Avoiding seq scan over 3.2 millions rows

Started by Andrusover 17 years ago3 messagesgeneral

kobruleht2@hot.ee

over 17 years ago

explain analyze SELECT sum(xxx)
FROM dok JOIN rid USING (dokumnr)
WHERE dok.kuupaev BETWEEN '2008-04-01' AND '2008-04-30'

"Hash Join (cost=29584.84..308259.32 rows=142686 width=0) (actual
time=68510.748..96932.174 rows=117883 loops=1)"
" Hash Cond: ("outer".dokumnr = "inner".dokumnr)"
" -> Seq Scan on rid (cost=0.00..195599.68 rows=3217368 width=4) (actual
time=17.130..56572.857 rows=3247363 loops=1)"
" -> Hash (cost=29243.76..29243.76 rows=53231 width=4) (actual
time=15878.782..15878.782 rows=44685 loops=1)"
" -> Index Scan using dok_kuupaev_idx on dok (cost=0.00..29243.76
rows=53231 width=4) (actual time=47.102..15651.059 rows=44685 loops=1)"
" Index Cond: ((kuupaev >= '2008-04-01'::date) AND (kuupaev <=
'2008-04-30'::date))"
"Total runtime: 97364.282 ms"

Query performs seq scan over 3.2 million of rows.
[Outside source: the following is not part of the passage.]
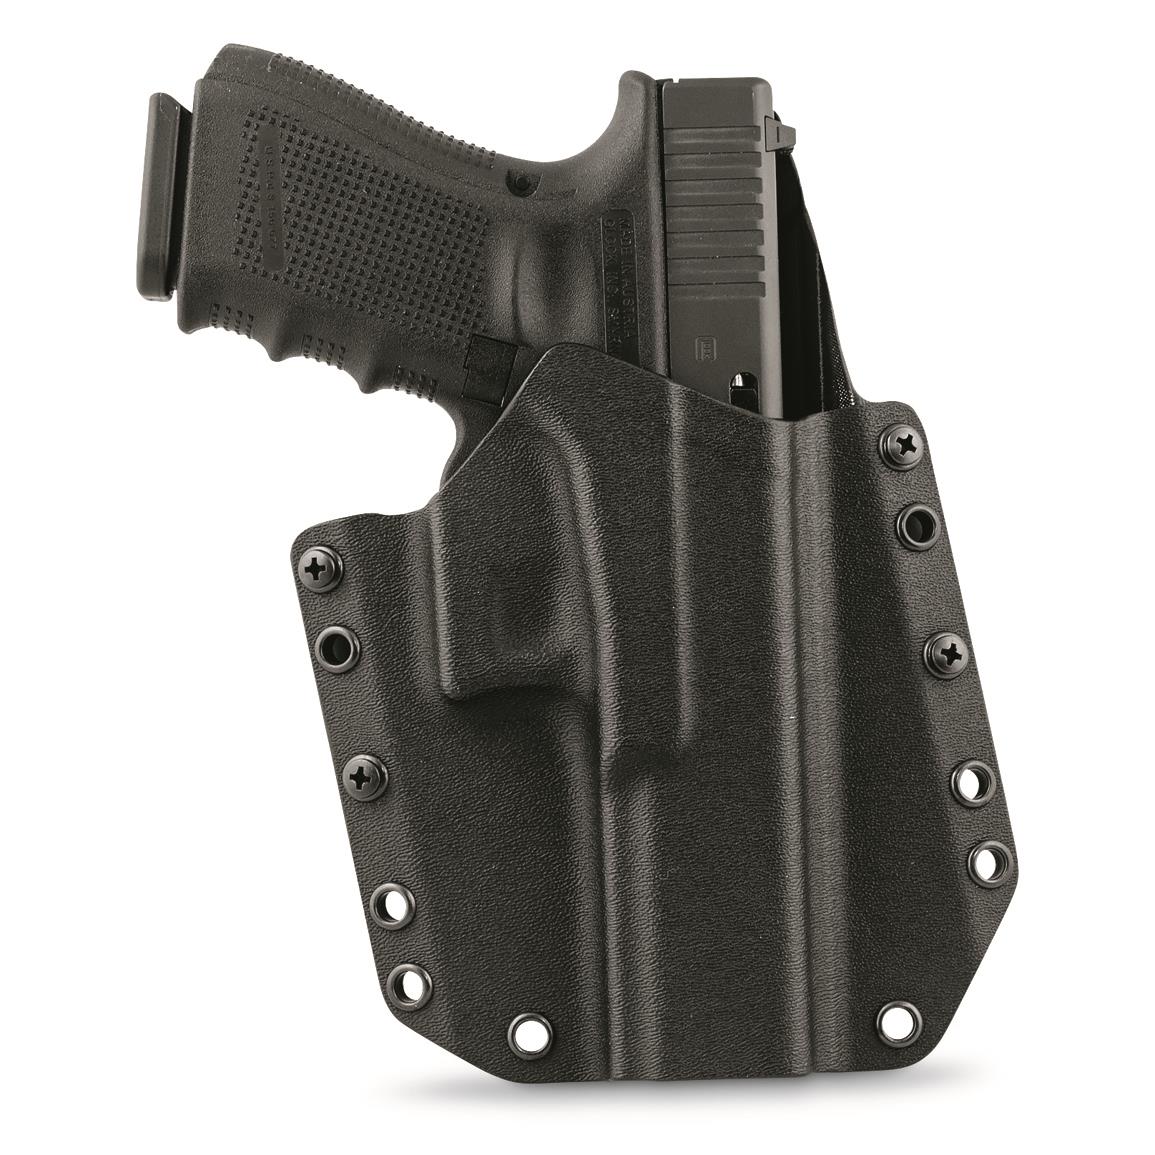 Mission First Tactical OWB Holster, Glock 26/27
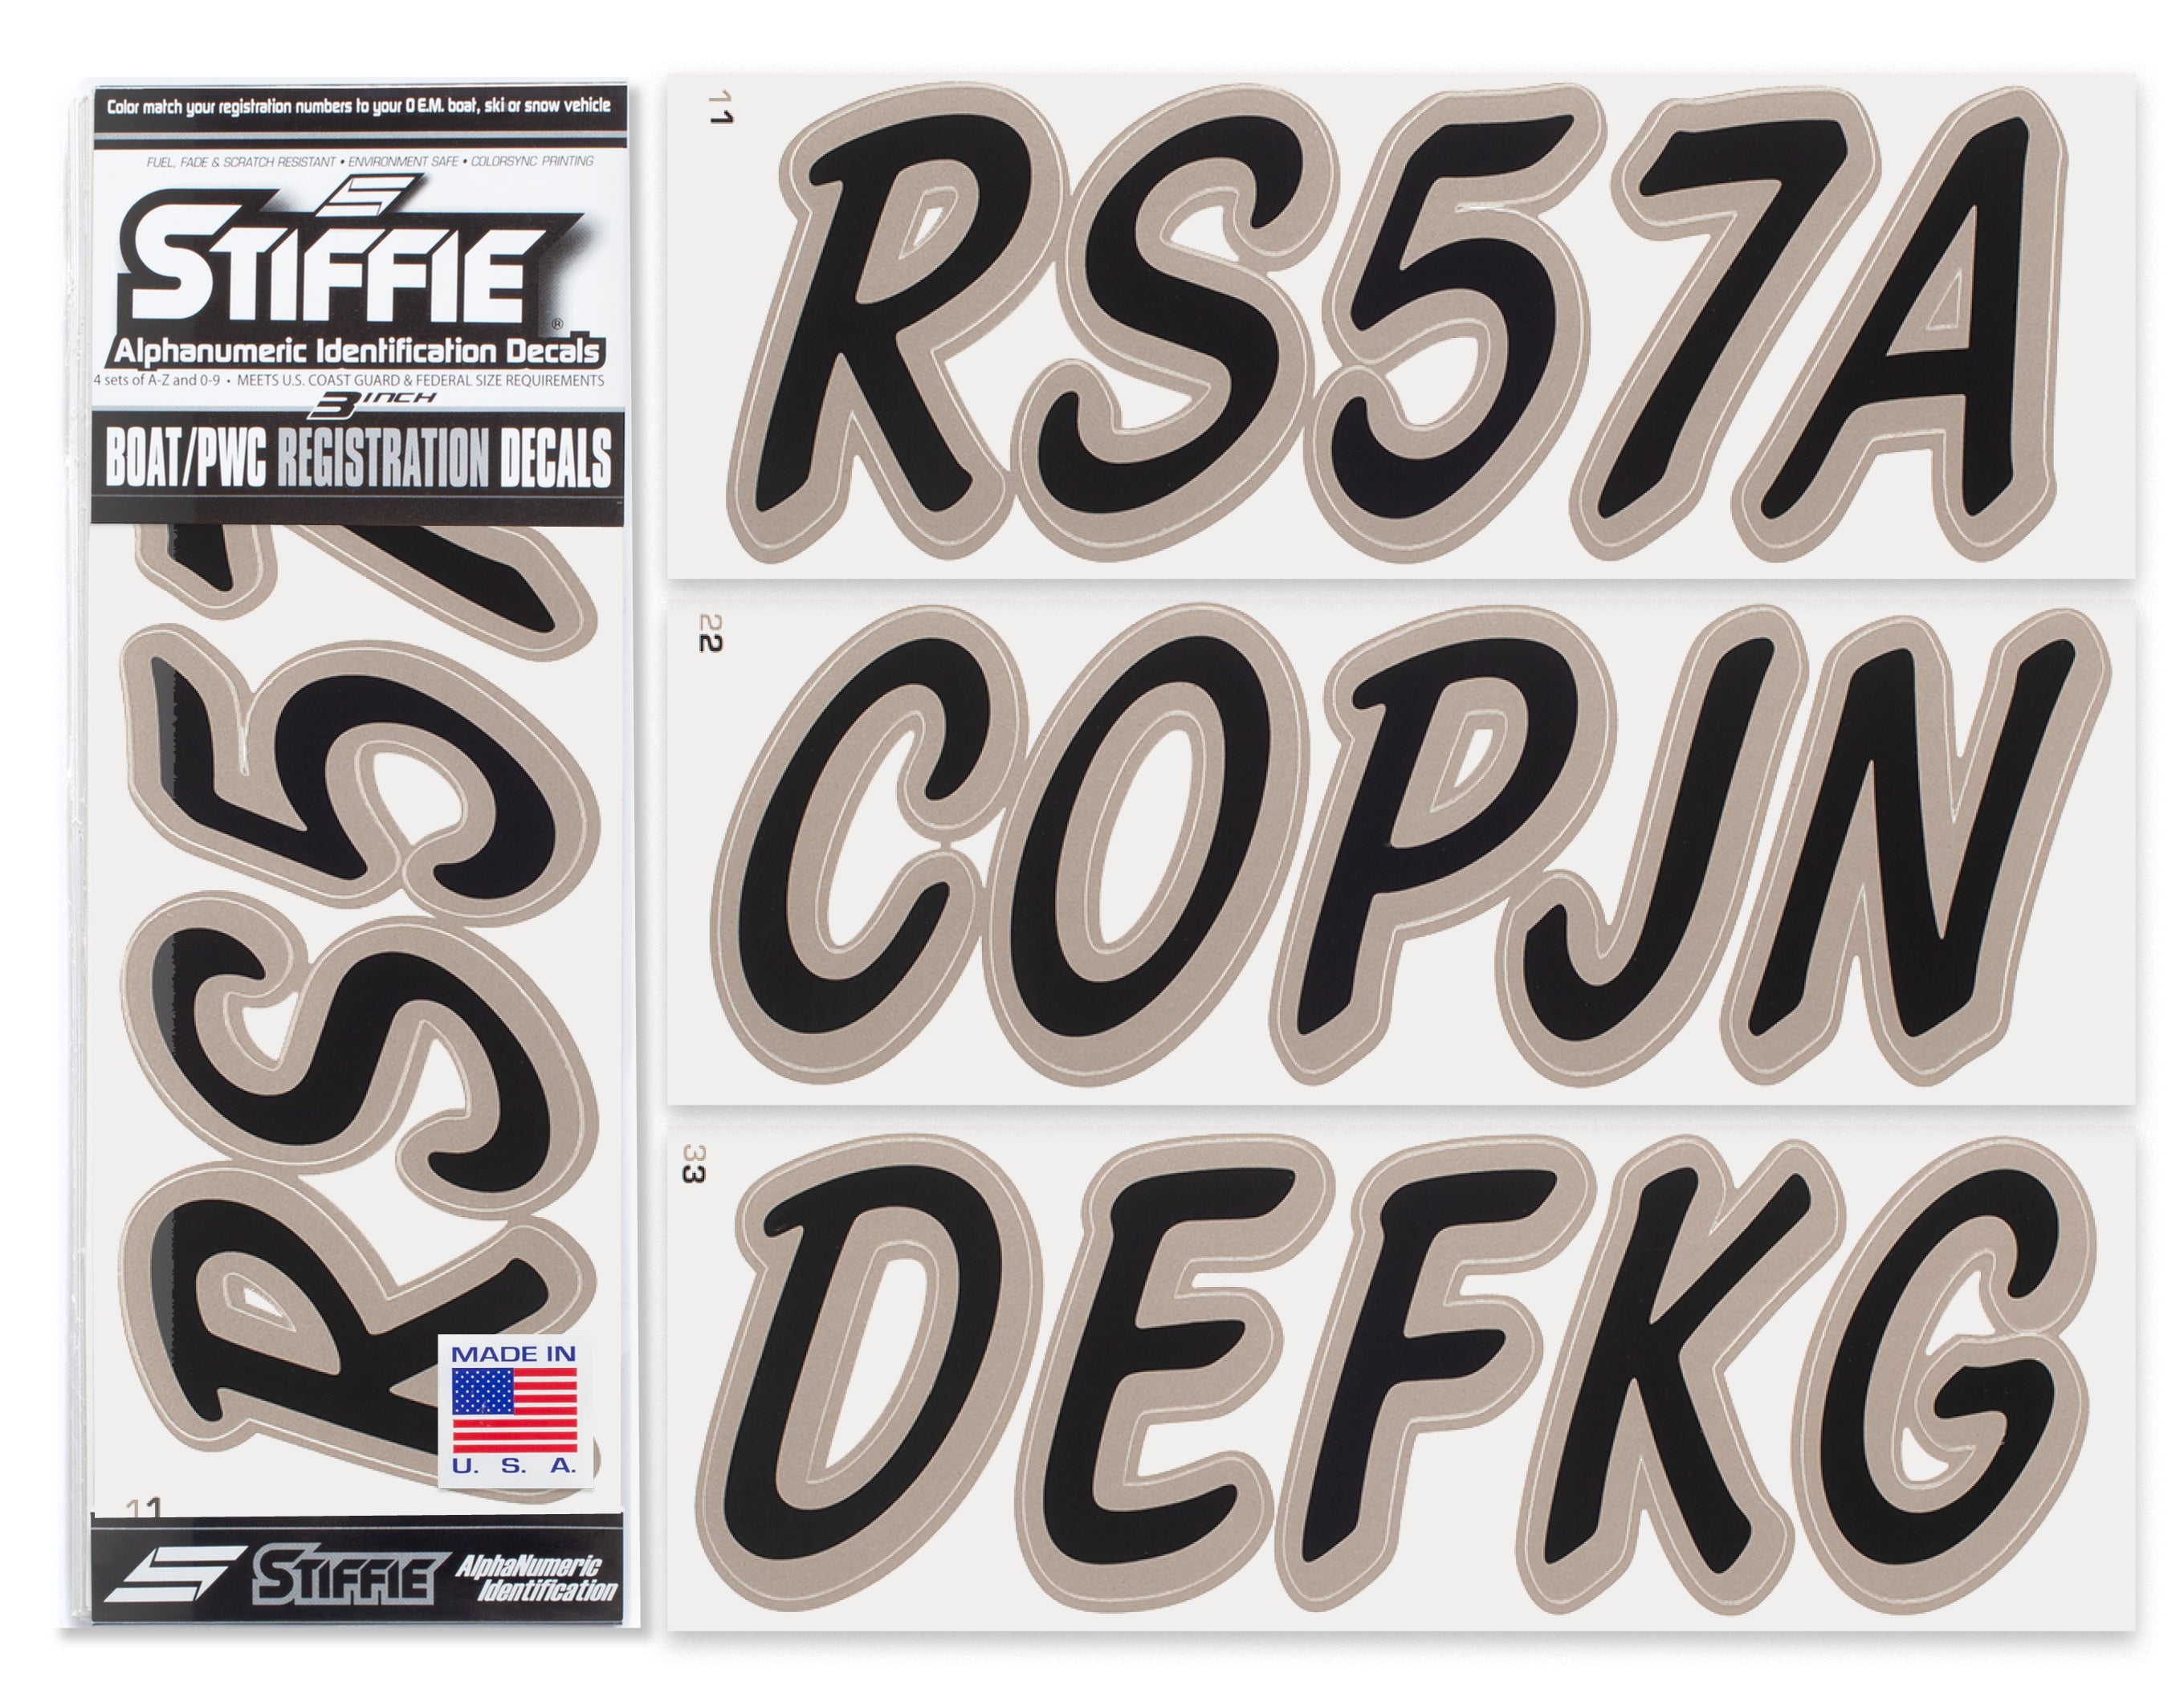 STIFFIE Whipline Solid Black/Pewter 3" Alpha-Numeric Registration Identification Numbers Stickers Decals for Boats & Personal Watercraft

dokumnr is of type int, kuupaev is of type DATE.
There are regular indexes on

rid(dokumnr)
dok(dokumnr)
dok(kuupaev)

Vacuum is running automatically.
How to speed up this query ?

Andrus.

"PostgreSQL 8.1.4 on i686-pc-linux-gnu, compiled by GCC
i686-pc-linux-gnu-gcc (GCC) 3.4.6 (Gentoo 3.4.6-r1, ssp-3.4.5-1.0,
pie-8.7.9)"

Tom Lane

tgl@sss.pgh.pa.us

over 17 years ago

In reply to: Andrus (#1)

Re: Avoiding seq scan over 3.2 millions rows

"Andrus" <kobruleht2@hot.ee> writes:

explain analyze SELECT sum(xxx)
FROM dok JOIN rid USING (dokumnr)
WHERE dok.kuupaev BETWEEN '2008-04-01' AND '2008-04-30'

"Hash Join (cost=29584.84..308259.32 rows=142686 width=0) (actual
time=68510.748..96932.174 rows=117883 loops=1)"
" Hash Cond: ("outer".dokumnr = "inner".dokumnr)"
" -> Seq Scan on rid (cost=0.00..195599.68 rows=3217368 width=4) (actual
time=17.130..56572.857 rows=3247363 loops=1)"
" -> Hash (cost=29243.76..29243.76 rows=53231 width=4) (actual
time=15878.782..15878.782 rows=44685 loops=1)"
" -> Index Scan using dok_kuupaev_idx on dok (cost=0.00..29243.76
rows=53231 width=4) (actual time=47.102..15651.059 rows=44685 loops=1)"
" Index Cond: ((kuupaev >= '2008-04-01'::date) AND (kuupaev <=
'2008-04-30'::date))"
"Total runtime: 97364.282 ms"

Query performs seq scan over 3.2 million of rows.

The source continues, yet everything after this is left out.